For information on the above settings, see http://salt-cloud.readthedocs.org/en/latest/topics/aws.html

Profile

Add an image to ~/repo/dev/module/deploy/salt-cloud/cloud.profiles e.g:

base_ec2_private:
  provider: kb_eu_west_1_private_ips
    image: ami-ff498688

• I chose ami-ff498688 from http://cloud-images.ubuntu.com/releases/14.04/release/ (which I hope is a 32 bit micro instance).

• The provider is the name of the section in cloud.providers

Usage

Create a test server:

sudo -i
salt-cloud \
  --profiles=/home/patrick/repo/dev/module/deploy/salt-cloud/cloud.profiles \
  --providers-config=/home/patrick/repo/dev/module/deploy/salt-cloud/cloud.providers \
  --profile base_ec2_private \
  test-ec2

• Replace patrick with your user name on the workstation.

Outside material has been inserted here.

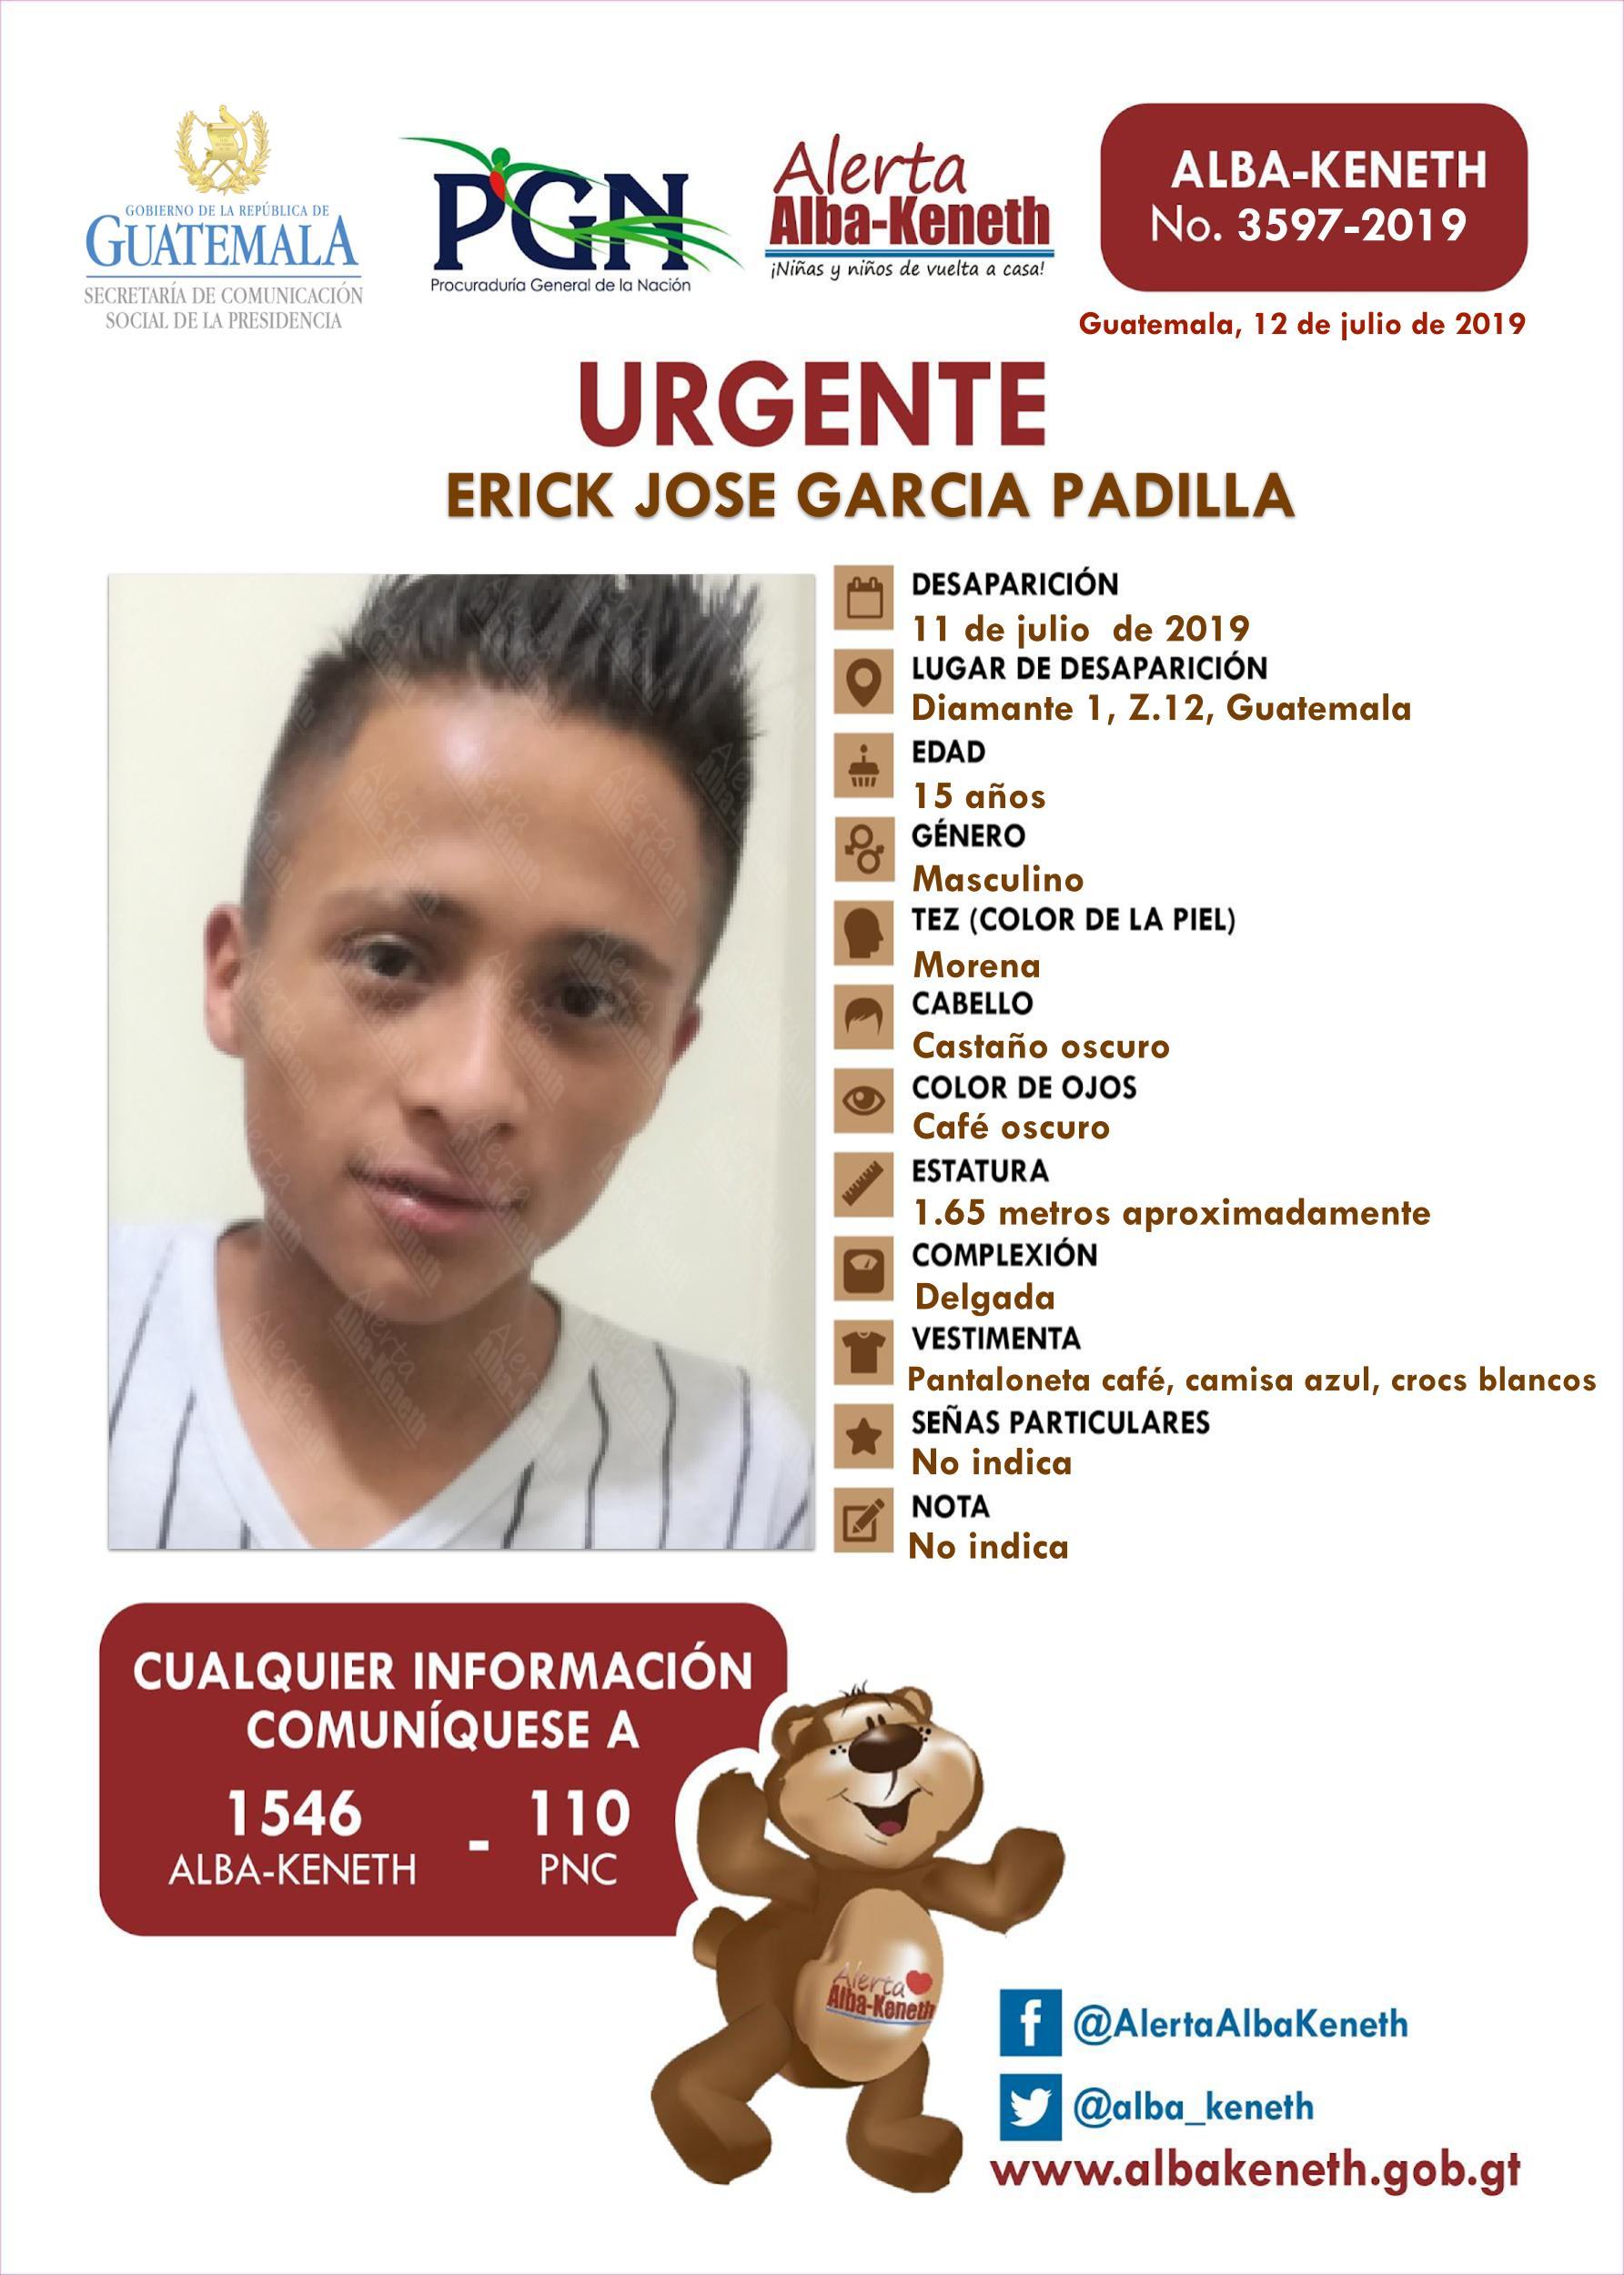 Erick Jose Garcia Padilla

• Replace test-ec2 with the name of the server you want to create.

Make a note of the publicIp and instanceId. If you need to find the instance ID later:

aws ec2 describe-instances --filter Name=tag:Name,Values=test-ec2

• replace test-ec2 with the name of the server you are looing for.

Log into your new server:

sudo -i
eval `ssh-agent`
ssh-add /etc/salt/my_salt_cloud_key
ssh [email protected]

Note

The IP address of the new server is the publicIp (see above).

To get root access (on this Ubuntu server):

sudo -i

Security Groups

For a web server, we need to add the db security group. Make a note of the GroupId for the web and db security groups:

aws ec2 describe-security-groups --group-names db
aws ec2 describe-security-groups --group-names web

Add these two security groups to the web server you just created:

aws ec2 modify-instance-attribute \
  --instance-id <instance id> \
  --groups <security group id> <db security group id>

• Replace <instance id> with the InstanceId of the server you just created.

• Replace <security group id> with the ID of the web security group (see awscli).

• Replace <db security group id> with the ID of the db security group.

Database

To find the Endpoint Address for your database instance:

aws rds describe-db-instances

You should be able to connect to your database instance using psql:

psql \
  --host=my-db-instance.cmf1ips9eg9s.eu-west-1.rds.amazonaws.com \
  --username=postgres postgres

• Enter the master user password when prompted (see apg in RDS, Create database).